Eidesvik can save a considerable amount of fuel by operating this way, some 30 percent according to Meling. Running in hybrid also reduces maintenance requirements since for much more of the time the engines are running at a steady rate. For larger vessels, Meling sees advantages in terms of approaching and leaving ports on battery power, which would be an easy way of complying with just about any ECA regulation in existence.
“We don’t believe in sitting and waiting until someone invents a zero-emission engine – that has never happened in any industry in human history,” he says. “It’s about evolution. We say to politicians and those who allocate research and development funds: We should be extremely happy if people manage a 20 percent reduction because they’re on the way to 30 percent and so on. That’s how we reduce carbon emissions by 50 percent by 2050.”
Pushing the Envelope
Four Havila Kystruten cruise ferries, under construction by Turkish shipbuilder Tersan and Spain’s Barreras, will carry 700 passengers along the Norwegian coast between Bergen and Kirkenes. They will be powered by LNG and fitted with a large 6MW battery bank.
Supplied by Corvus Energy, these are the largest battery installations in its history, and for strictly load-levelling and efficiency purposes such a major installation would be unnecessary. However, a recent ruling by Norway’s government demands that, for ships travelling in its UNESCO World Heritage Fjords, such as the Havila Kystruten vessels, there must be no emissions of any kind.
The law becomes effective in 2026. However, it’s being regarded as a bellwether throughout the country, and newer vessels are being designed to meet this standard – at least during the time it takes to transit the fjords.
A challenge is that many of the vessels transiting these fjords today are large cruise vessels carrying thousands of passengers. For them, complying with this new regulation with today’s technology is impossible barring the retrofit of some sort of nuclear reactor.
But Corvus is about to unveil a new product line, Blue Whale, making installations of 12MW and more feasible. The new batteries are designed to take up as little space as possible and require less cooling thanks to their low rate of discharge.
For Brent Perry, CEO of Plan B Energy Solutions (PBES), his company’s biggest installation is an ABB-integrated 4.2MW system on the ForSea ferries Tycho Brahe and Aurora. But shipping should expect much larger battery installations in the future, he says: “The cost has come down a lot, and there’s a huge market out there today. It would take a long time to fulfill the market requirement as it is today, and demand will only grow in the future.”
Perry does not expect that cars will lead the way in terms of driving improved battery technology.
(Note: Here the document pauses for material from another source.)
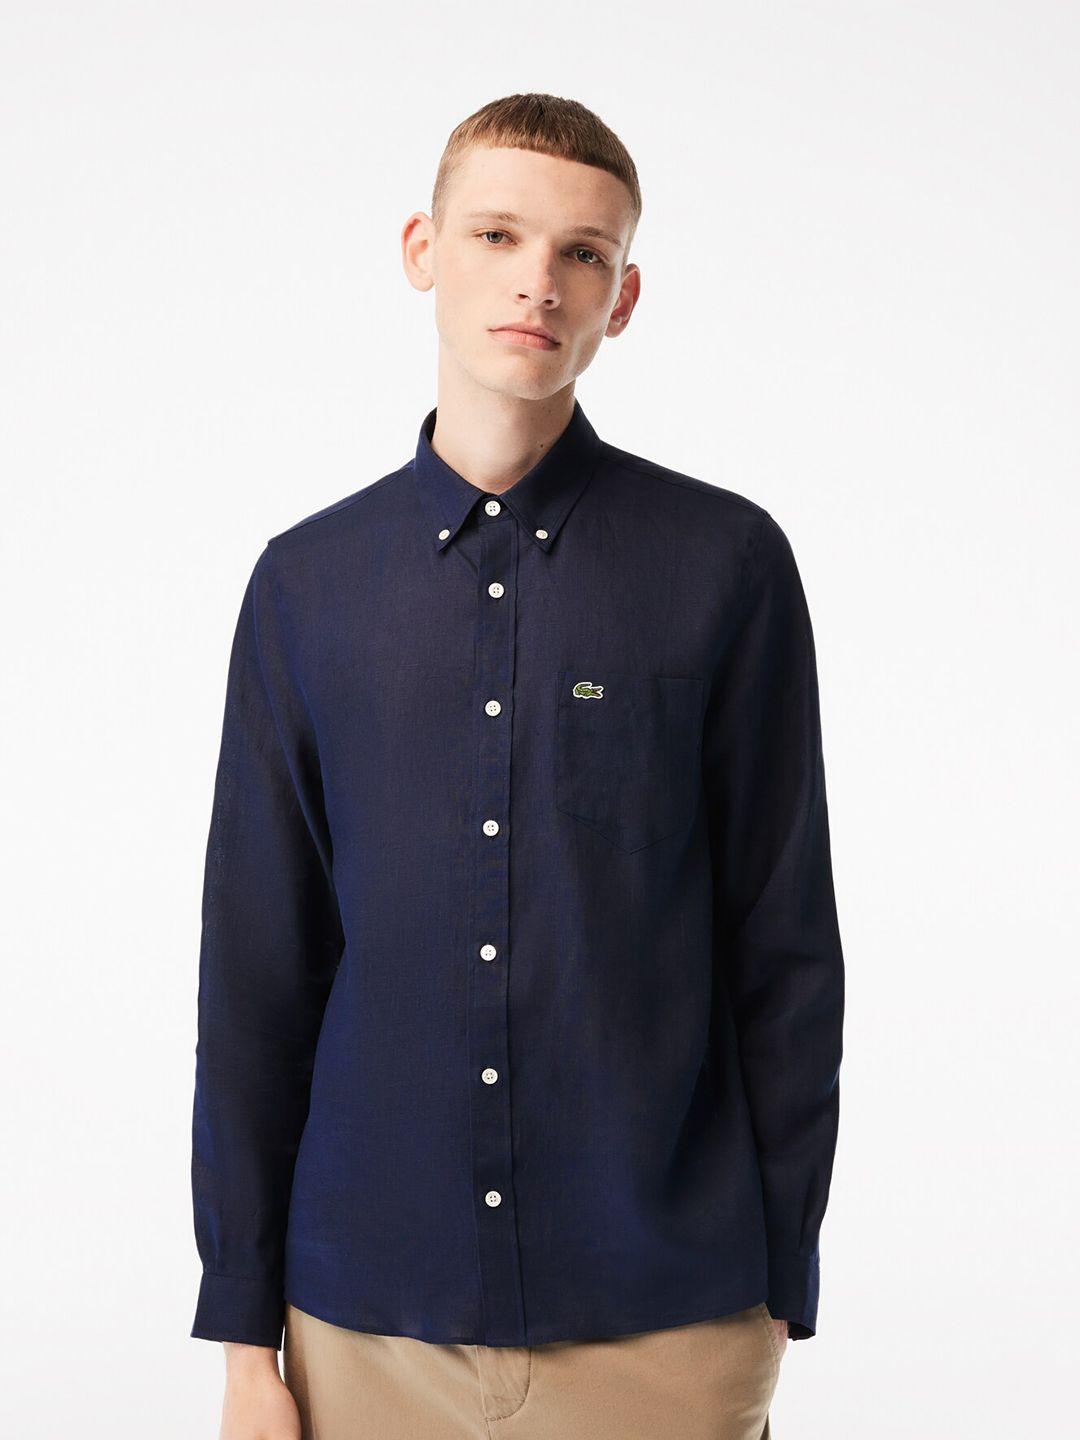 lacoste-men-spread-collar-long-sleeves-modern-casual-shirt

Vessels offer much greater flexibility: “In a car, high energy density and low cost are the main criteria. But on a ship, energy density is really only impactful relative to calendar life. We plan for our batteries to last between five and 10 years.”
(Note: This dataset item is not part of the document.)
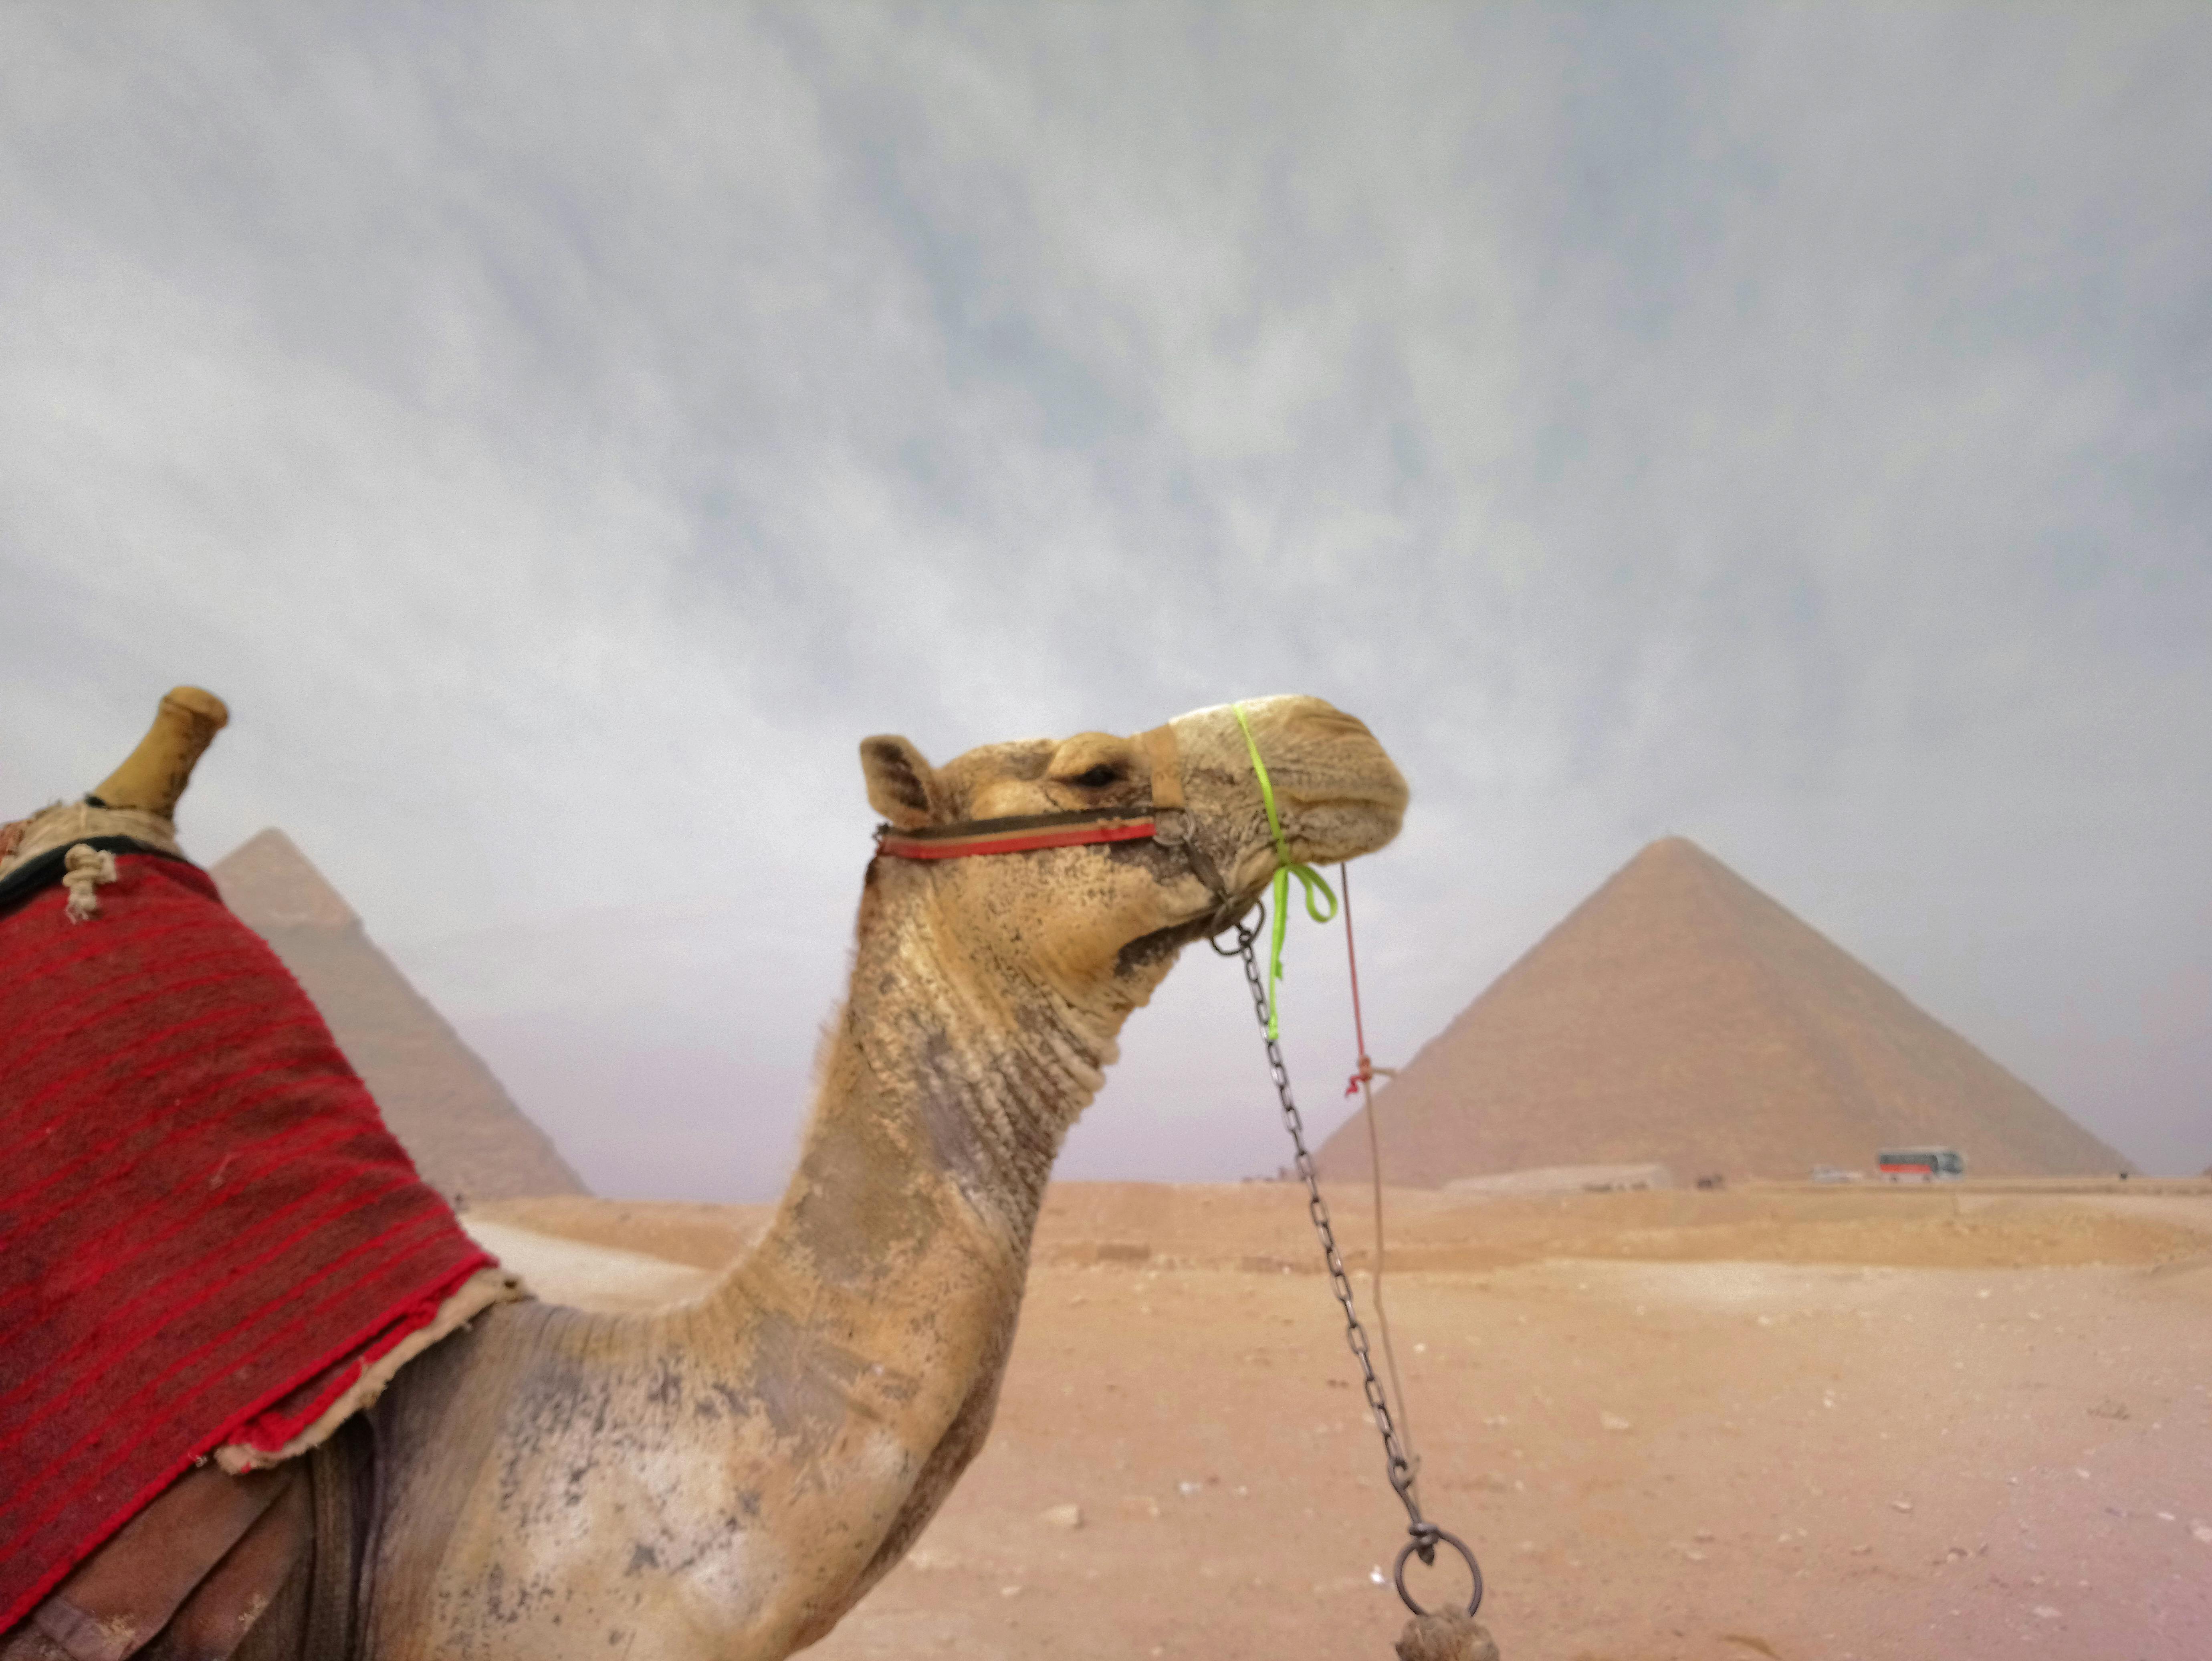 Free stock photo of #camel #egypt #gizapyramids #ancientegypt, #culture #civilization #ancient #pharaoh, #desert

PBES is already undertaking preliminary engineering for an unheard-of 30MW battery installation aboard a vessel for a major, but undisclosed, cruise line. By itself, it still won’t be enough to run the vessel, and engines will still be needed. But, says Perry, “It will be able to run it at peak performance all the time. What we’re going to see in the next seven years is that from 2010 to 2025, there will have been a total energy density increase of 35-40 percent while maintaining calendar life.”
The opinions expressed herein are the author's and not necessarily those of The Maritime Executive.